A toy example for practicing by hand to learn SGD with a smaller learning rate of 0.01 for better understanding:
Initial Setup:
Data table:
| Income(X) | Price(y) |
|---|---|
| 2 | 4 |
| 4 | 6 |
Points: (2,4) and (4,6)
Initial θ = [1, 1]
MSE = 1.0
Iteration 1 (learning rate = 0.01):
Gradient = -[1, 3]
New θ = [1,1] – 0.01×[-1,-3] = [1.01, 1.03]
Predictions: 3.07, 5.13
Errors: -0.93, -0.87
MSE = (0.8649 + 0.7569)/2 ≈ 0.811
Iteration 2:
θ = [1.01, 1.03]
Gradient = -[-0.8, -1.54]/2 = [0.4, 0.77]
New θ = [1.01,1.03] – 0.01×[0.4,0.77] = [1.006, 1.0223]
Predictions: 3.0506, 5.0952
Errors: -0.9494, -0.9048
MSE ≈ 0.857
Iteration 3:
θ = [1.006, 1.0223]
Gradient = -[-0.8542, -1.6186]/2 = [0.4271, 0.8093]

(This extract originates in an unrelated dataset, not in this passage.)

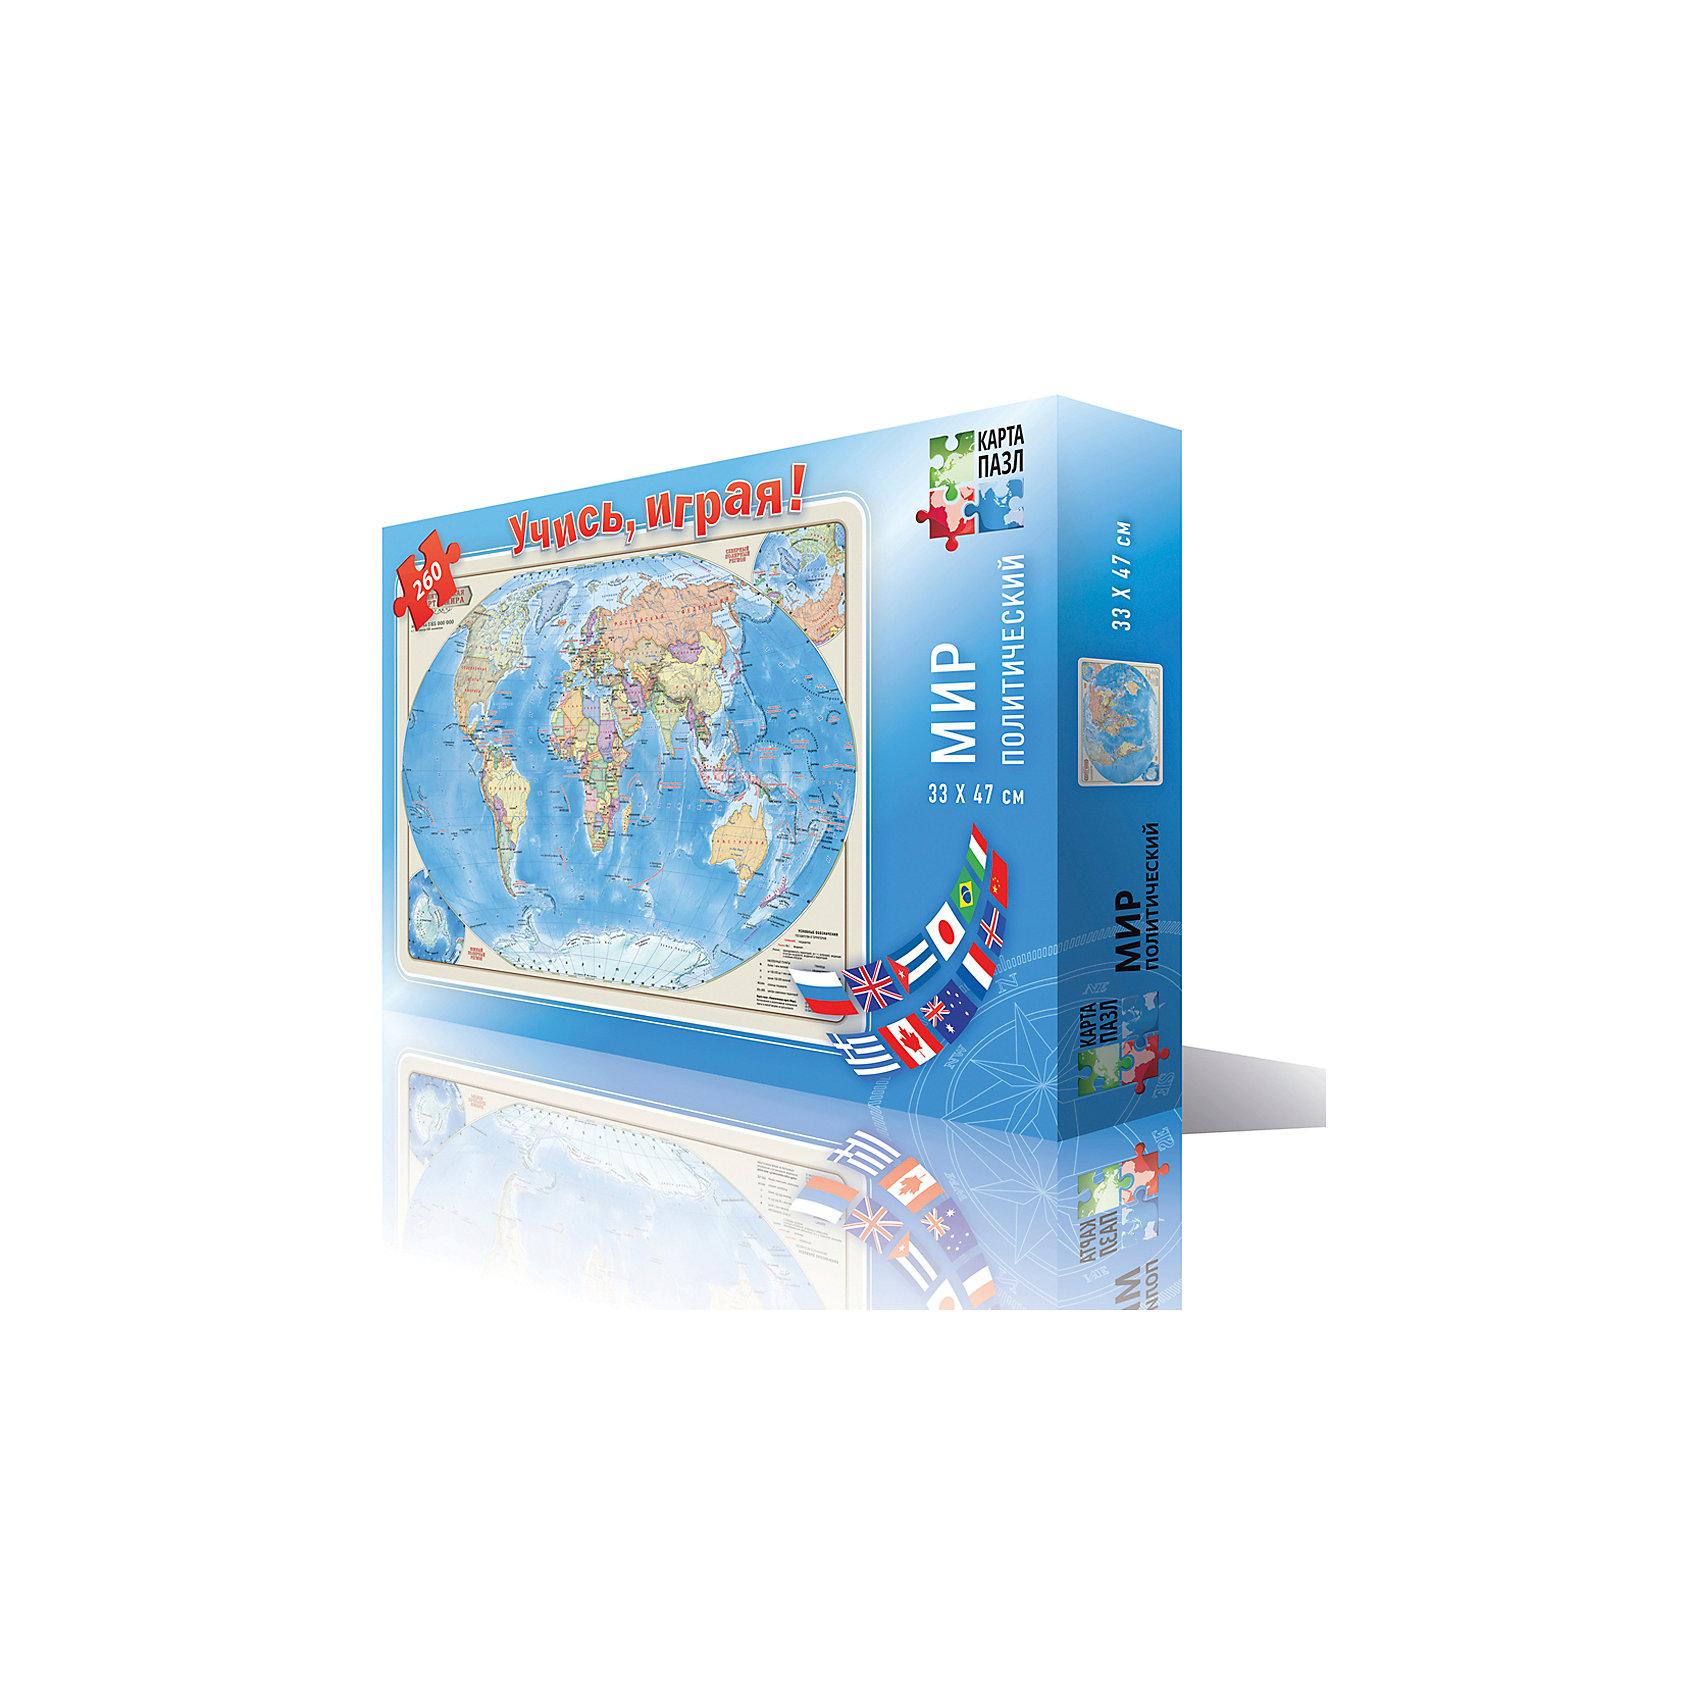 Карта-пазл Мир политический 33*47 см, М 1:65 млн, 260 деталейКоличество деталей<br>Характеристики товара:<br><br>• материал: ламинированный картон<br>• возраст: от 6 лет<br>• количество деталей: 260<br>• габариты упаковки: 29х19х4 см<br>• размер карты: 33х47 см<br>• вес: 250 г<br>• страна производитель: Россия<br><br>Ваш ребенок в процессе игры с большим интересом изучит политико-административное устройство мира и познакомится со столицами государств. Пазлы с картой мира позволяют узнать, какие океаны омывают материки и острова. Это отличный метод познакомиться с особенностями географии уже с малого возраста. Играя, ребенок развивает воображение, пространственное мышление, внимание, память и способность анализировать!<br><br>Карту-пазл Мир политический 33*47 см, М 1:65 млн, 260 деталей, можно купить в нашем интернет-магазине.<br><br>Ширина мм: 290<br>Глубина мм: 190<br>Высота мм: 35<br>Вес г: 250<br>Возраст от месяцев: 72<br>Возраст до месяцев: 108<br>Пол: Унисекс<br>Возраст: Детский<br>SKU: 5422955

New θ = [1.006,1.0223] – 0.01×[0.4271,0.8093] = [1.0017, 1.0142]
Predictions: 3.0301, 5.0595
Errors: -0.9699, -0.9405
MSE ≈ 0.913
Observation: The MSE is increasing, which suggests the learning rate might still be too large. Let’s try an even smaller learning rate of 0.001. With learning rate = 0.001:
Iteration 1:
New θ = [1,1] – 0.001×[-1,-3] = [1.001, 1.003]
Predictions: 3.007, 5.013
Errors: -0.993, -0.987
MSE ≈ 0.981
Iteration 2:
Gradient = -[-0.98, -1.94]/2 = [0.49, 0.97]
New θ = [1.001,1.003] – 0.001×[0.49,0.97] = [1.00051, 1.00203]
Predictions: 3.00457, 5.00863
Errors: -0.99543, -0.99137
MSE ≈ 0.983
Iteration 3:
Gradient = -[-0.9868, -1.9606]/2 = [0.4934, 0.9803]
New θ = [1.00051,1.00203] – 0.001×[0.4934,0.9803] = [1.0000166, 1.0010497]
Predictions: 3.002116, 5.0042158
Errors: -0.997884, -0.9957842
MSE ≈ 0.995
Key Takeaways:
- The learning rate significantly impacts convergence
- A smaller learning rate (0.001) provides more stable updates
- The error decreases gradually with a smaller learning rate
- More iterations would be needed to reach the optimal solution
Refining the Process: Advanced Techniques
To make the training process even more efficient, advanced techniques are often used. Early stopping halts the training when the model’s performance on a separate validation set stops improving, which prevents overfitting and saves computational time. Additionally, learning rate back-off automatically reduces the learning rate when the model’s performance plateaus, allowing it to take smaller, more precise steps as it fine-tunes the parameters near the minimum.
In conclusion, while OLS offers a fast, guaranteed solution for small datasets, it can’t handle the scale of modern machine learning problems. SGD is a more versatile, memory-efficient, and computationally cheaper approach that makes linear regression feasible for massive datasets.